C’est pourquoi la Cour conclut que la sanction infligée à la requérante en sa qualité de propriétaire de la revue peut raisonnablement être considérée comme répondant à un « besoin social impérieux », et que les motifs avancés par les autorités pour justifier la condamnation de l’intéressée sont « pertinents et suffisants ».
Partant, et eu égard à la marge d’appréciation dont jouissent les autorités nationales en pareil cas, la Cour considère que l’ingérence litigieuse était proportionnée aux buts légitimes poursuivis. Dès lors, ce grief est manifestement mal fondé.

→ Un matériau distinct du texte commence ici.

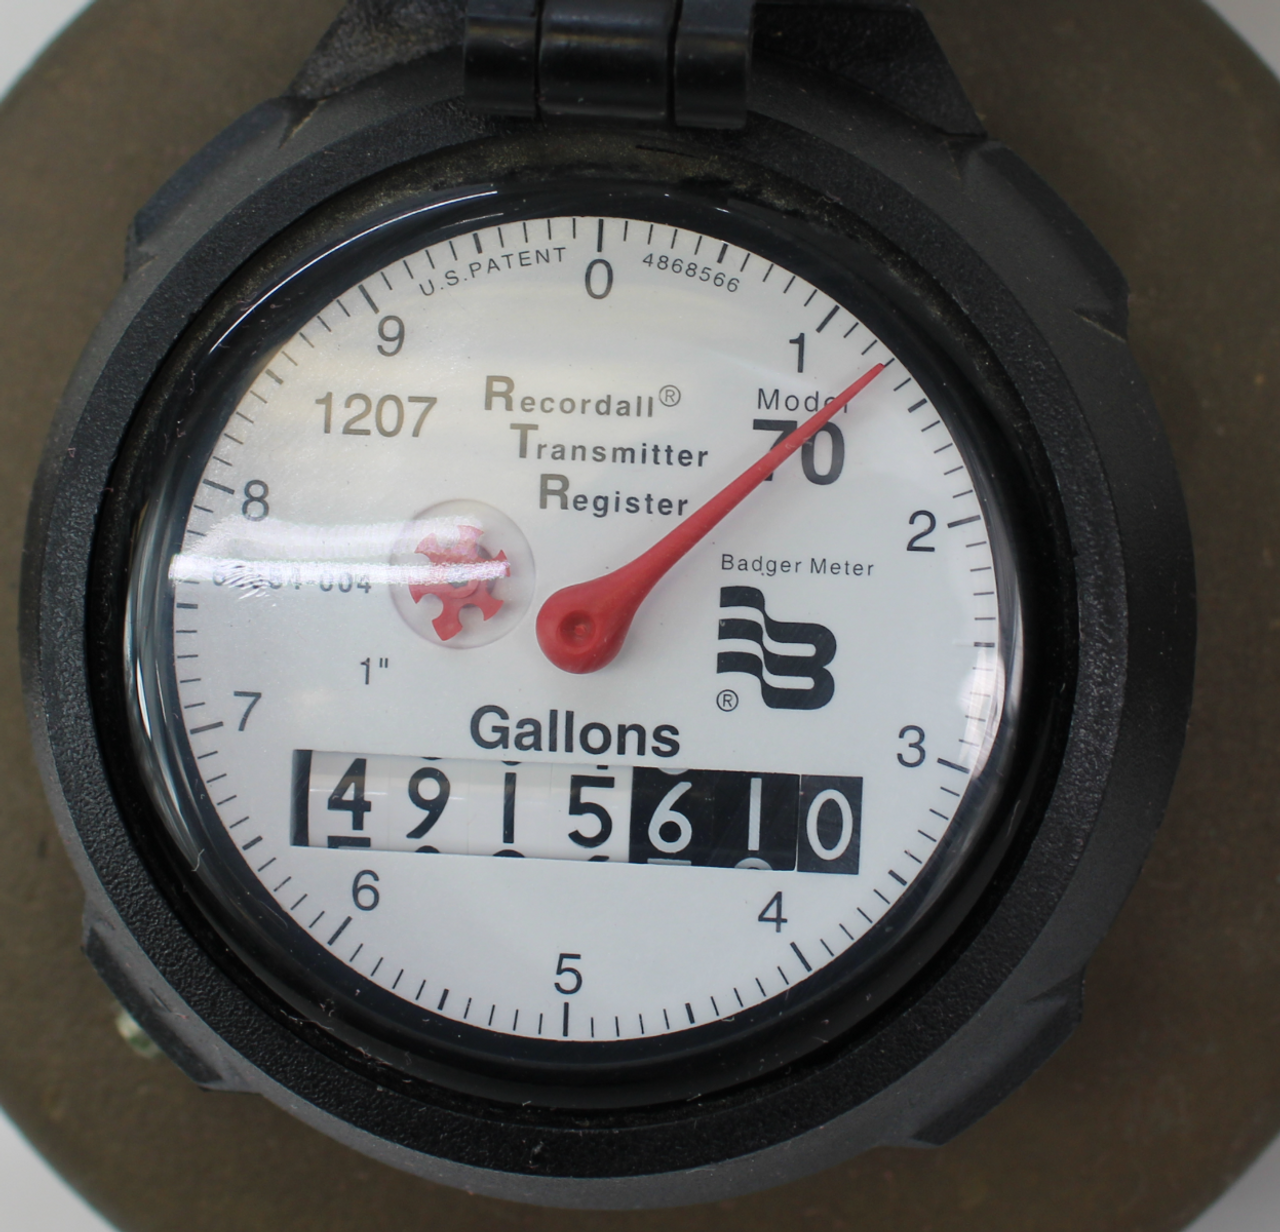 Badger Meter RCDL 70 Water Meter w/ 1" Transmitter/Register

Dans ces circonstances, l’examen de ce grief, tel qu’il a été soulevé, ne permet de déceler aucune apparence de violation du droit à la liberté d’expression garanti par l’article 10 de la Convention. Il ressort que le grief doit être rejeté comme manifestement mal fondé au sens de l’article 35 §§ 3 et 4 de la Convention.
Par ces motifs, la Cour, à l’unanimité,
Déclare le grief sur le terrain de l’article 6 § 1 de la Convention recevable, tous moyens de fond réservés ;
Déclare la requête irrecevable pour le surplus.
Vincent BergerGeorg Ress
GreffierPrésident
[1] Cette loi, promulguée en vue de la répression des actes de terrorisme, se réfère à une série d’infractions visées au code pénal qu’elle qualifie d’actes « de terrorisme » ou d’actes « perpétrés à des fins terroristes » (articles 3-4) et auxquelles elle s’applique.